The American Heritage Dictionary of the English Language (AHD) is an American dictionary of English published by Boston publisher Houghton Mifflin, the first edition of which appeared in 1969. Its creation was spurred by the controversy over the perceived permissiveness of the Webster's Third New International Dictionary. The third edition included over 350,000 entries and meanings.

History 
James Parton (1912–2001) was a grandson of the English-born American biographer James Parton (1822–1891). He was the founder, publisher and co-owner of the magazines American Heritage and Horizon, and was appalled by the permissiveness of Webster's Third, published in 1961. (Webster's Third presented all entries without labeling them correct or incorrect.) Parton tried to buy the G. and C. Merriam Company so that he could undo the changes. When that failed, he contracted with Houghton to publish a new dictionary. The AHD was edited by William Morris and relied on a usage panel of 105 writers, speakers, and eminent persons chosen for their well-known conservatism in the use of language. However, Morris made inconsistent use of the panels, often ignoring their advice and inserting his own opinions.

Linguistics
The AHD broke ground among dictionaries by using corpus linguistics for compiling word frequencies and other information. It took the innovative step of combining prescriptive information (how language should be used) and descriptive information (how it actually is used). The descriptive information was derived from  actual texts.

Citations were based on a million-word, three-line citation database prepared by Brown University linguist Henry Kučera.

Usage panel
For expert consultation on words or constructions whose usage was controversial or problematic, the American Heritage Dictionary relied on the advice of a usage panel. In its final form, the panel comprised nearly 200 prominent members of professions whose work demanded sensitivity to language. Former members of the usage panel include novelists (Isaac Asimov, Barbara Kingsolver, David Foster Wallace and Eudora Welty), poets (Rita Dove, Galway Kinnell, Mary Oliver and Robert Pinsky), playwrights (Terrence McNally and Marsha Norman), journalists (Liane Hansen and Susan Stamberg), literary critics (Harold Bloom), columnists and commentators (William F. Buckley, Jr. and Robert J. Samuelson), linguists and cognitive scientists (Anne Curzan, Steven Pinker and Calvert Watkins) and humorists (Garrison Keillor, David Sedaris and Alison Bechdel). Pinker, author of the style guide The Sense of Style, was its final chair.

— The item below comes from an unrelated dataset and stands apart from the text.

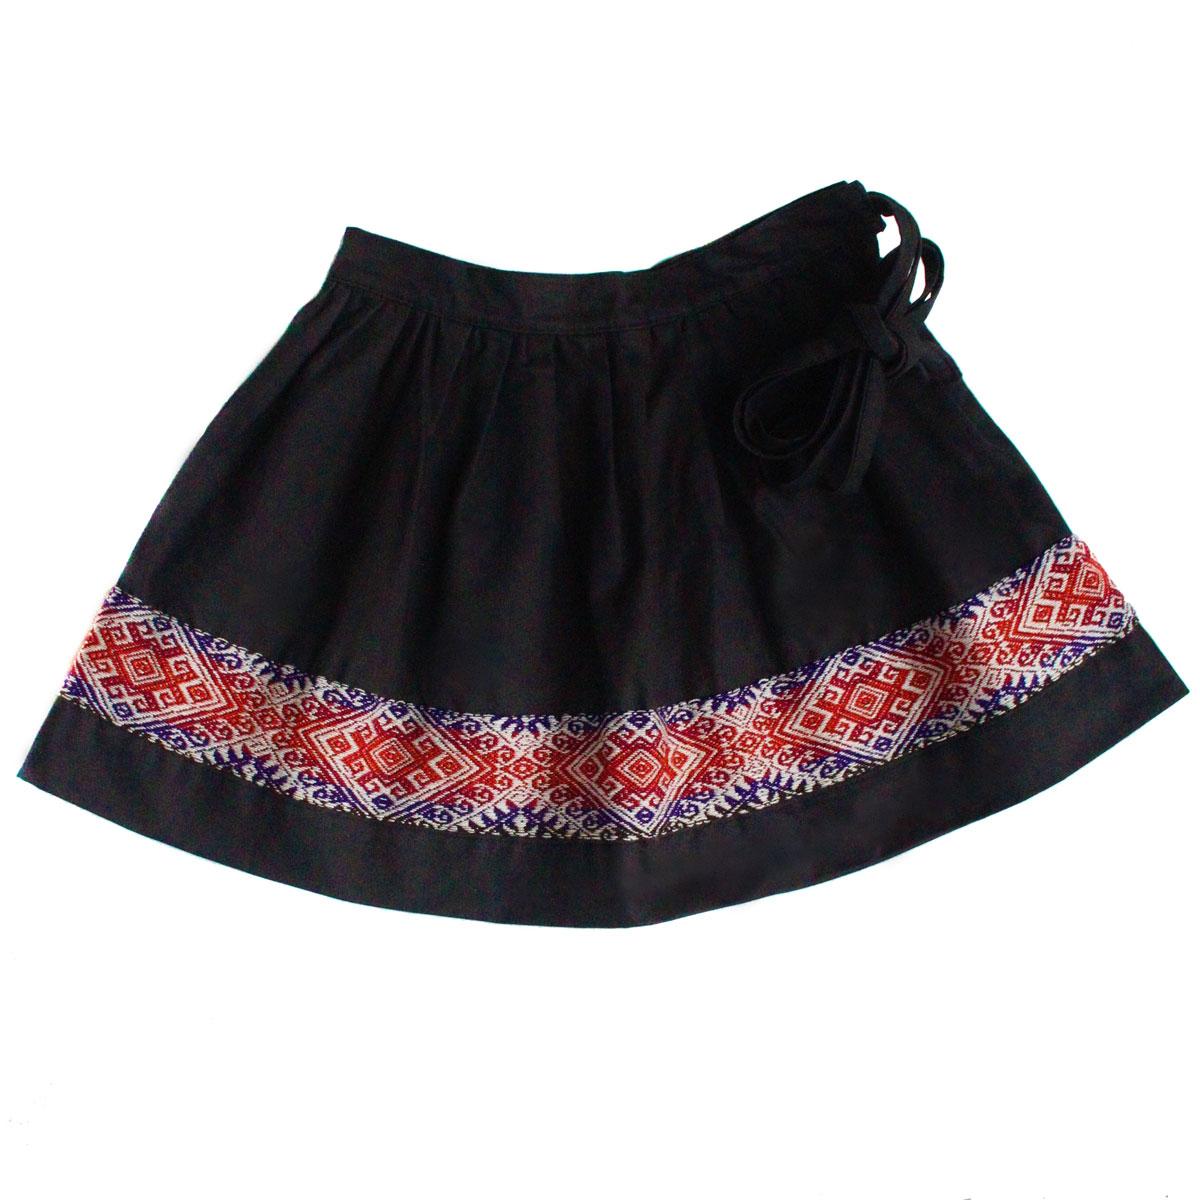 Inka-Products-Mini-Jupe Fille CHOLITA-Noir Motif Ethnique Mochica

The members of the panel were sent regular ballots asking about matters of usage; the completed ballots were returned and tabulated, and the results formed the basis for special usage notes appended to the relevant dictionary entries. In many cases, these notes not only reported the percentage of panelists who considered a given usage or construction to be acceptable, but would also report the results from balloting of the same question in past decades, to give a clearer sense of how the language changes over time.

Houghton Mifflin dissolved the usage panel on February 1, 2018, citing the decline in demand for print dictionaries.

Illustrations
The AHD is also somewhat innovative in its liberal use of photographic illustrations, which at the time was highly unusual for general reference dictionaries, many of which went largely or completely unillustrated. It also has an unusually large number of biographical entries for notable persons.

First edition
The first edition appeared in 1969, highly praised for its Indo-European etymologies. In addition to the normally expected etymologies, which for instance trace the word ambiguous to a Proto-Indo-European root ag-, meaning "to drive," the appendices included a seven-page article by Professor Calvert Watkins entitled "Indo-European and the Indo-Europeans" and "Indo-European Roots", 46 pages of entries that are each organized around one of some thousand Proto-Indo-European roots and the English words of the AHD that are understood to have evolved from them. These entries might be called "reverse etymologies": the ag- entry there, for instance, lists 49 terms derived from it, words as diverse as agent, essay, purge, stratagem, ambassador, axiom, and pellagra, along with information about varying routes through intermediate transformations on the way to the contemporary words.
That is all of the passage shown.